All helmets come ready for display!

At the entry of the United States into World War I, the US military was without a combat helmet; initially US troops arriving in Europe were issued with British Mk I Brodie helmets, and those integrated with French units were given French M15 Adrian helmets. The United States quickly commenced manufacture of a version of the Mk I, designated the M1917, producing some 2,700,000 by the end of hostilities. At that point, the shortcomings of the M1917, which lacked balance and protection of the head from lateral fire, resulted in a project to produce a better helmet which would also have a distinctively American appearance. Between 1919 and 1920, a number of new designs of helmets were tested by the Infantry Board in comparative trials along with the M1917 and helmets of other armies. One of those designs, the Helmet Number 5A, was selected for further study. This was an improved version of the Helmet Number 5, developed in 1917 and 1918 by Bashford Dean, the curator of arms and armor at the Metropolitan Museum of Art, which had been rejected during the war because of its supposed resemblance to the German stahlhelm. Eventually, tests held at Fort Benning between 1924 and 1926 showed that although the 5A offered better side protection than the M1917, it was more easily penetrated from above and in some circumstances the shape of the helmet could interfere with properly holding and firing a rifle. Further ballistic tests at the Aberdeen Proving Ground resulted in the decision to retain the M1917 in 1934, which was then given a redesigned leather cradle and designated the M1917A1 or "Kelly" helmet.

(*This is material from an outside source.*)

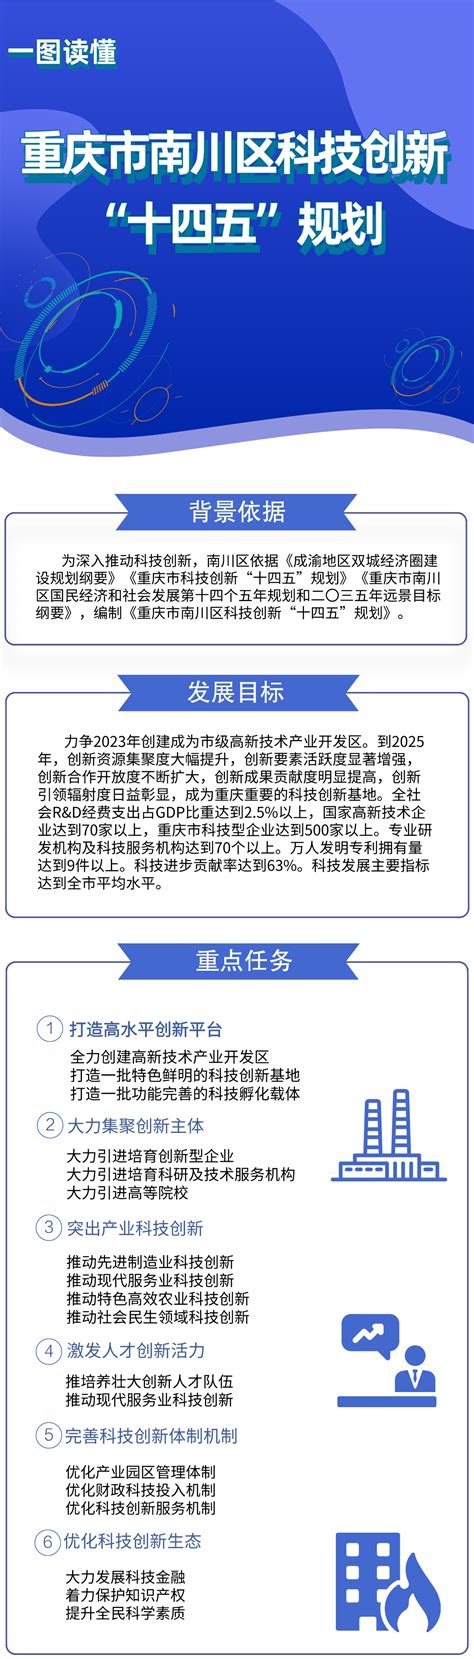 广东省科技创新“十四五”规划

In 1940, with World War II raging on in Europe and Asia, it seemed likely that the United States might soon be at war again. The Infantry Board resurrected the quest to find a better type of helmet, since the ongoing conflict had shown that the M1917, designed to protect men standing in trenches from falling shell splinters and shrapnel, would be inadequate on the modern battlefield. The board reported:

Research indicates that the ideal shaped helmet is one with a dome-shaped top and generally following the contour of the head, allowing sufficient uniform headspace for indentations, extending down in the front to cover the forehead without impairing necessary vision, extending down on the sides as far as possible without interfering with the use of the rifle or other weapons, extending down the back of the head as far as possible without permitting the back of the neck to push the helmet forward on the head when the wearer assumes the prone position, to have the frontal plate visor and to have the sides and rear slightly flanged outward to cause rain to clear the collar opening.

Accordingly, the board, under the direction of Brigadier General Courtney Hodges, took the M1917 shell as the basis of the new prototype, trimmed off the brim and added a visor and skirt-like extensions to protect the back and sides of the wearer's head. Rejecting the conventional systems of cradles, the new helmet was given a Riddell type liner and suspension system, based on the contemporary style of football helmet, with an adjustable strap for the nape of the neck to prevent the helmet from rocking. The resulting prototype was designated the TS-3, and the McCord Radiator Company manufactured the first examples from Hadfield steel. In tests, they were found to be able to resist a .45 ACP pistol bullet fired at point-blank range, exceeding the initial specification. The TS-3 was given official approval on June 6, 1941 and was designated "Helmet, Steel, M1". Full scale production commenced almost immediately.